SBMA Patients Prone to Develop Respiratory Problems Due to Reduced Muscle Strength, Study Says
Patients with spinal and bulbar muscular atrophy (SBMA) may be at risk of developing respiratory complications due to a decline in the levels of genes responsible for muscle strength, according to a new study. The authors assert that monitoring the breathing decline in these patients may help provide better clinical management of the disease.
The study, “Decreased Peak Expiratory Flow Associated With Muscle Fiber-Type Switching In Spinal And Bulbar Muscular Atrophy,” was published in the journal PLoS One.
At more advanced stages of the disease, SBMA patients may develop dysphagia (difficulties in swallowing) and dyspnea (shortness of breath), as well as pneumonia and respiratory failure. Thus, the management of swallowing and respiratory function is indispensable for the long-term care of these patients.
However, respiratory difficulties associated with SBMA are not well characterized, which limits the knowledge of how these processes occur in patients and how they might be managed.
The objective of the study was to evaluate respiratory function of SBMA patients and identify the mechanisms underlying this condition, in comparison to patients with amyotrophic lateral sclerosis (ALS), another motor neuron disease in which dyspnea has been observed and well-studied.
The study included 40 SBMA and 25 ALS male patients, as well as 15 healthy individuals, in whom researchers evaluated respiratory function (by assessing the peak expiratory flow, %PEF, a measure of breathing capacity, and the forced vital capacity, FVC), motor function (using the Amyotrophic Lateral Sclerosis Functional Rating Scale (ALSFRS-R) or the Spinal and Bulbar Muscular Atrophy Functional Rating Scale (SBMAFRS)) and muscle strength (by assessing the modified quantitative myasthenia gravis (mQMG) score, that measures muscle weakness, tongue pressure, and grip power).

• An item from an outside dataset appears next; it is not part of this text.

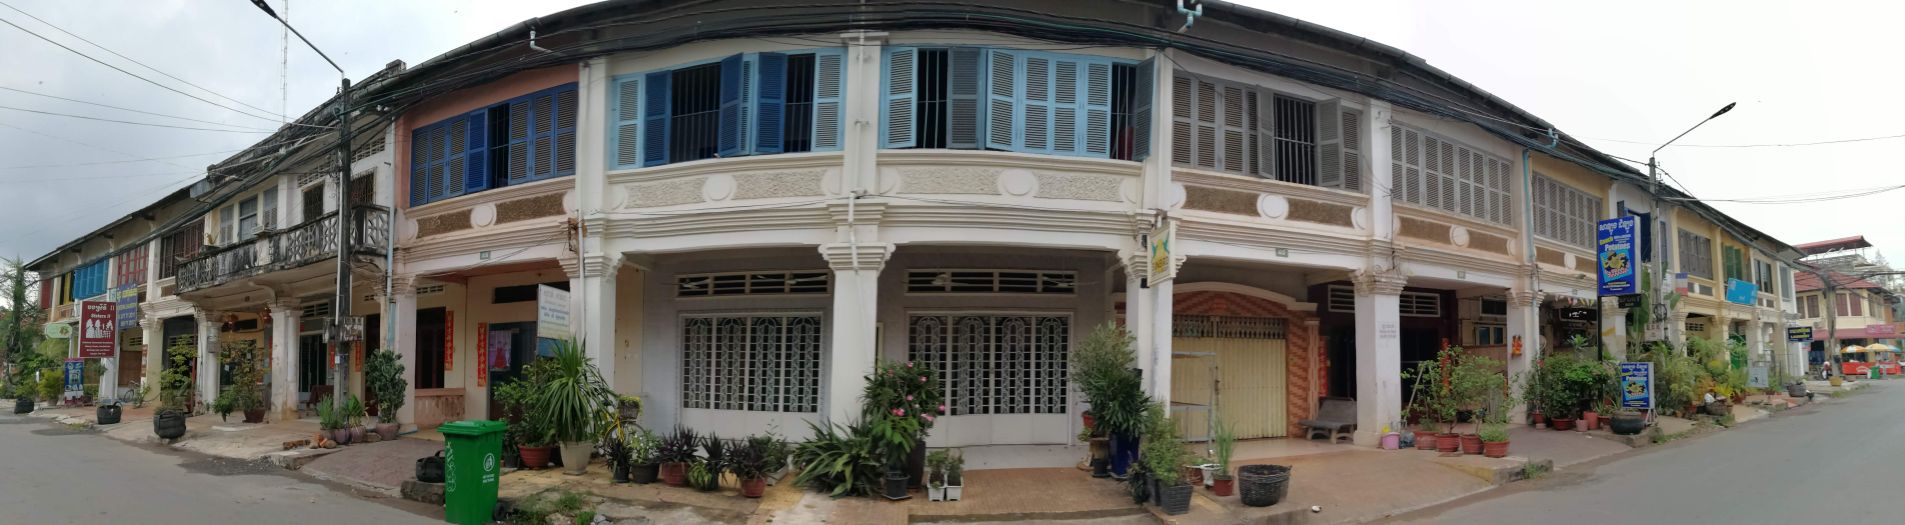 柬埔寨 貢布市 街景

Researchers also collected bicep muscle biopsies from two patients with SBMA and two patients with ALS to evaluate the levels of myosin heavy chain (MHC) expression and other proteins involved in muscle activity.
Results indicated that %PEF and FVC were lower in SBMA patients compared to healthy individuals or ALS patients. Both parameters were found to be strongly correlated with disease duration, suggesting that both values can be biomarkers of respiratory function in SBMA patients and potentially be used to assess disease progression.
SBMA patients also had substantially decreased tongue pressure and grip power (measures of fast muscle power) compared to ALS patients. This probably is associated with a reduction in the expression of genes responsible for fast muscle power, observed in SBMA patients rather than in ALS patients.
“[W]e found that subjects with SBMA exhibited decreased %PEF, which appears to reflect the preferential involvement of fast-twitch [muscle] fibers in this disease,” the authors wrote. “Given that the leading causes of death in subjects with SBMA are pneumonia and respiratory failure, particular attention should be paid to %PEF decline during the clinical management of SBMA.”
SBMA is caused by the presence of repeat portions of DNA (called CAG repeats) within the gene encoding the androgen receptor, thereby affecting men. Muscular weakness generally appears between the ages of 30-60 years. Patients start using a wheelchair 15 to 20 years after the onset of symptoms.